For example, Tokyo is cheaper than both London and New York, but really expensive compared to Thailand or the Philippines, and a large chunk of your daily expenses will go to paying for your accommodation. Eating out at a restaurant, drinking at a bar, and going to the theater is also costlier than most Asian countries as they’re seen as more upscale activities.
There’s nearly nothing that you can’t find in Japan’s combinis. Source: Shutterstock.
Per day, you should expect to spend: US$536 (JPY56,742).
Tip for surviving the trip: Take the Tokyo Metro (Japan subway) and stock up on simple, money-saving meals from Japan’s popular combinis (convenience stores).
Hong Kong Although Hong Kong is no longer the most expensive city for business travel, it’s still one of the most expensive in Asia, and it certainly has the potential to empty out your bank account.
Four-star hotel prices in the land-starved country cost about US$284 per day. And due to the high price of goods, meals and drinks can cost up to US$186 per day. If you’re going to eat Western meals every day and dine out at nice restaurants all the time, then be prepared to cough up quite a bit of dough.
It’s not impossible to find affordable eats in Hong Kong. Source: Shutterstock.
Per day, you should expect to spend: US$508 (HKD3,987).
Tip for surviving the trip: Take the MTR (Hong Kong subway) and make cheap food places (market food, neighborhood noodle joints) your daily destination.
Seoul In 2015, The Economist‘s Worldwide Cost of Living report classified Seoul as the most expensive city in the world for buying everyday food items. For example, an average price for a loaf of bread (one kilogram) in Singapore costs US$3.54 while in Seoul it costs US$13.91.
And like the above well developed East Asian countries, staying in this South Korean capital can be expensive and business travelers should expect to fork out US$252 per day on a four-star hotel. That being said, subways, buses, taxis, eating out, and buying basic clothing is cheaper in South Korea than Toronto.
Remember to clink your soju glass and say, “Geonbae!” Source: Shutterstock.

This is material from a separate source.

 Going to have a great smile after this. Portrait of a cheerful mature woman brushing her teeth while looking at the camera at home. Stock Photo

Per day, you should expect to spend: US$490 (KRW518,625).
Tip for surviving the trip: Take the Seoul Metropolitan Subway and seek out bars like Ssada! Maekju! or Makgeolli Salon in Hongdae where you can get free refills for draft beers (KRW7,295/person), soju (KRW4,863/person), and makgeolli (KRW5,269/person).

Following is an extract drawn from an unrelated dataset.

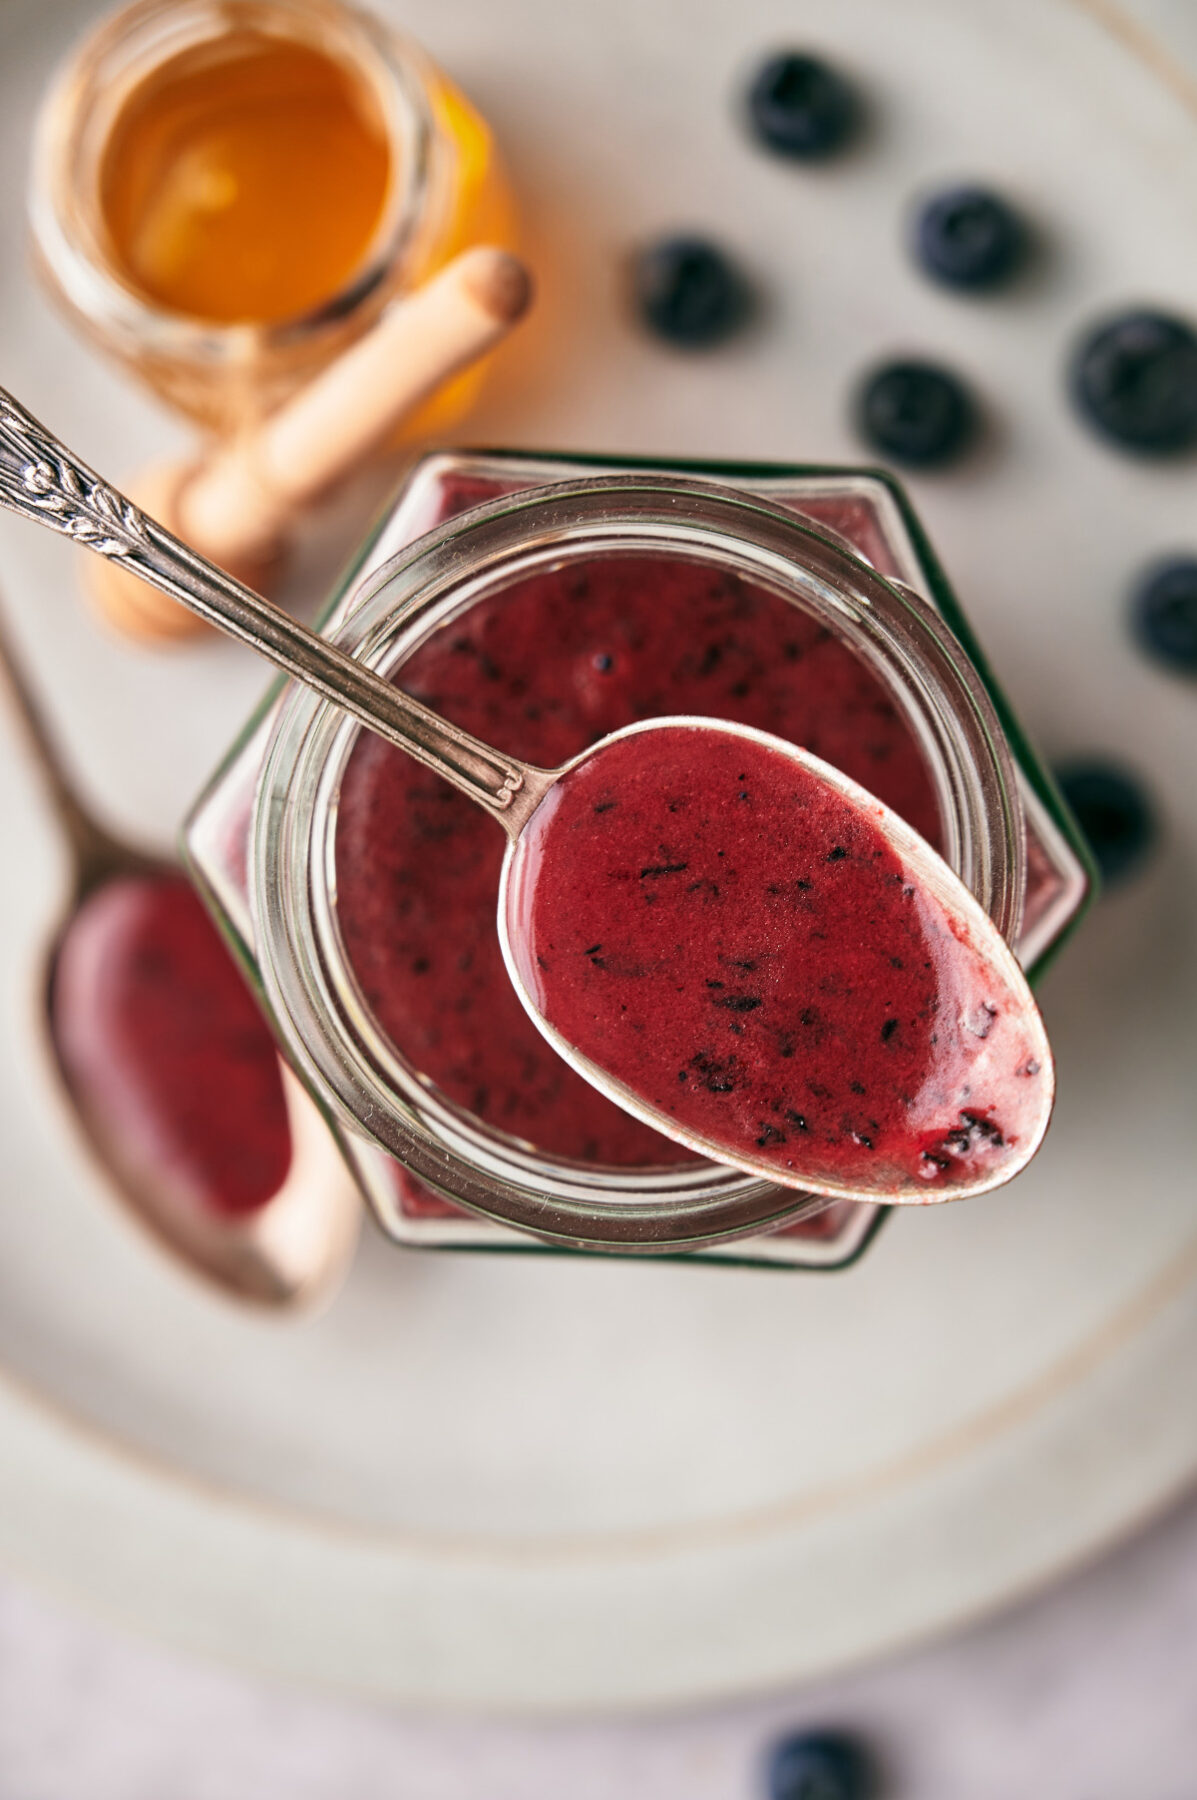 Top view of Blueberry Vinaigrette on a spoon, vertical orientation.

Singapore For the fifth year running, the Economist Intelligence Unit has ranked Singapore the world’s most expensive city to live. That goes hand-in-hand with it being one of the world’s most expensive cities for business travel as well.
Business travelers can expect to spend an average of US$251 on four-star hotels per day and about US$186 on food and drinks. You’ll never have a dull moment on the island because Singapore is home to various attractions such as Universal Studios Singapore, Night Safari, Singapore Zoo, Underwater World, Madame Tussauds, and more.
But they come with a price, of course.
The world’s most expensive city to live is also one of the world’s most expensive cities for business travel. Source: Shutterstock.
Per day, you should expect to spend: US$472 (SGD618).
Tip for surviving the trip: Take the MRT (Singapore subway) and check out all these free things that you can do.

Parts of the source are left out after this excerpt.